После реформ Клисфена, после установления афинской демократии политические группировки на протяжении большей части V в. до н. э. возглавлялись представителями аристократической прослойки – «политических фамилий», как называет их У. Р. Коннор (Connor, 1971, p. 10), то есть тех семей, которые на протяжении ряда поколений имели традиции участия и лидерства в политической жизни. Не означает ли это, что они тем самым основывались на аристократической, антидемократической идеологии? Нам уже приходилось выше высказываться против довольно распространенного утверждения о том, что афинская аристократия была слоем консервативным, противившимся прогрессу, враждебным демократии и т. п.

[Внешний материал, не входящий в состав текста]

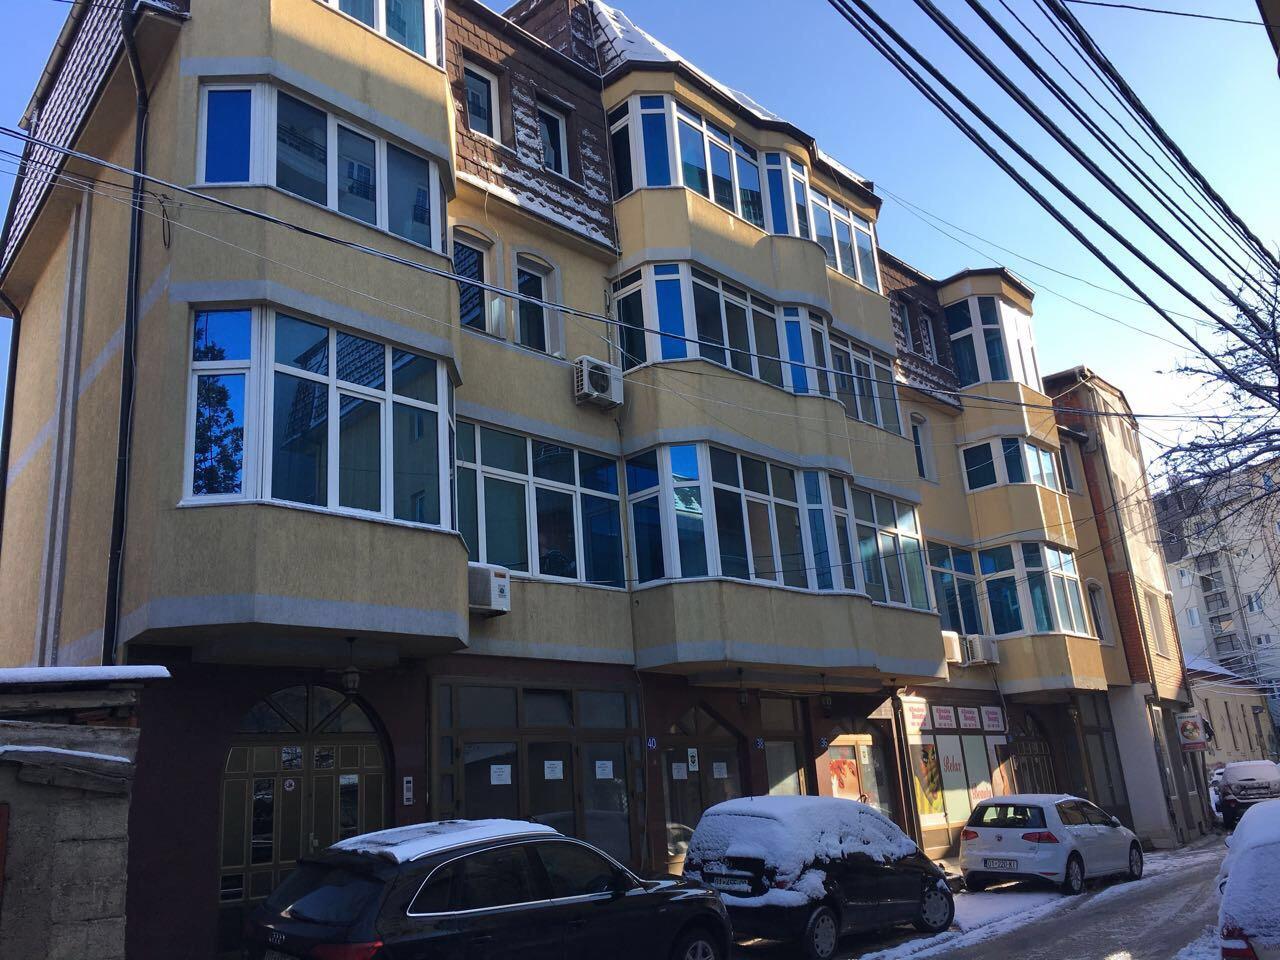 Shitet objekti afarist banesor me sipërfaqe Totale 1910m2 në qendër të Prishtines
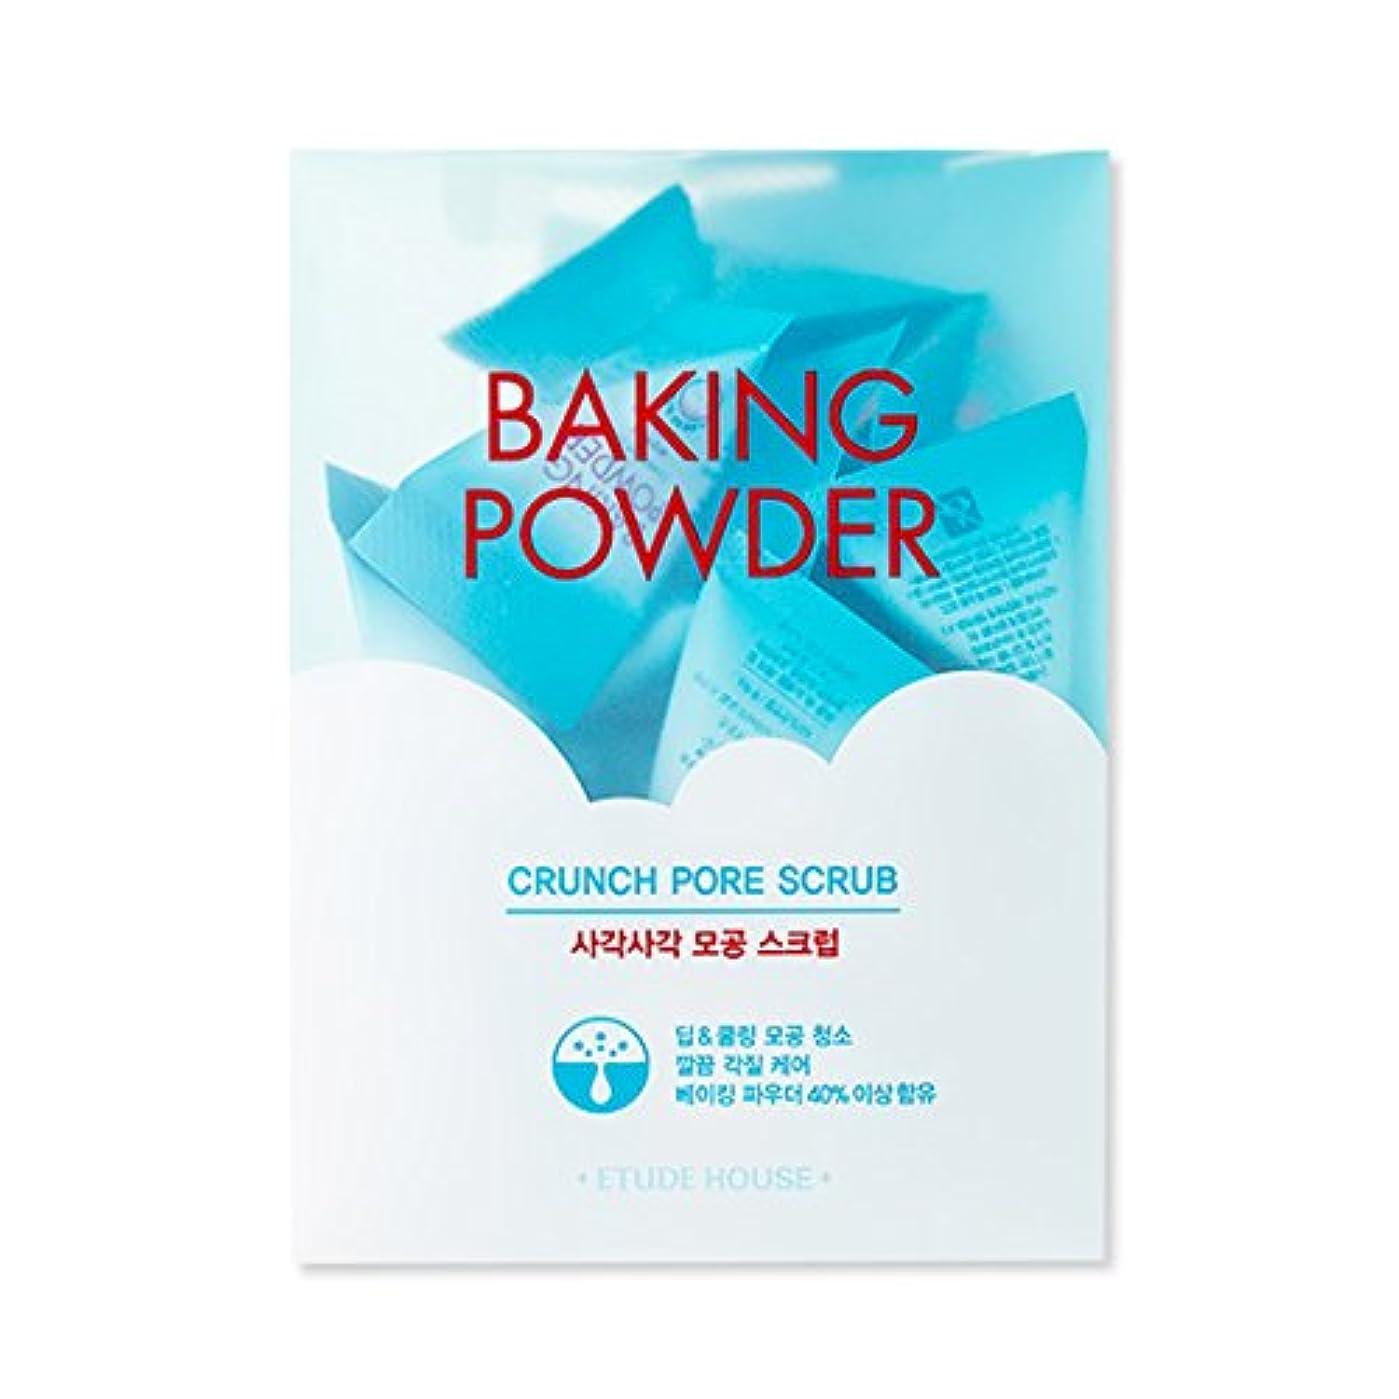 スタウトマート練習した[2016 Upgrade!] ETUDE HOUSE Baking Powder Crunch Pore Scrub 7g×24ea/エチュードハウス ベーキング パウダー クランチ ポア スクラブ 7g×24ea [...

Легко заметить, что на протяжении архаической и значительной части классической эпохи во главе любых прогрессивных реформ стояли представители аристократической верхушки общества. В частности, все «отцы-основатели» афинской демократии – от Солона до Перикла – принадлежали к кругу древней знати. Ни в коем случае не следует ставить знак равенства между понятиями «аристократы» и «олигархи». Характерно, что в период, когда движение, характеризующееся обычно как олигархическое, достигло в Афинах пика (конец V в. до н. э., время переворотов Четырехсот и Тридцати), среди лидеров антидемократических гетерий мы почти не находим выходцев из старинных аристократических родов. Довольно редким исключением является, в частности, Критий из рода Кодридов. Основной социальной базой переворотов было зажиточное крестьянство, гоплитская прослойка, отвернувшаяся в кризисных условиях от во многом скомпрометировавшей себя радикальной демократии. Аристократы же, повторим, внесли наибольший вклад как раз в демократизацию афинского полиса. Думается, не случайно, что период наивысшего расцвета подрывных гетерий был одновременно и периодом, когда в Афинах пресекается политическая традиция аристократического лидерства.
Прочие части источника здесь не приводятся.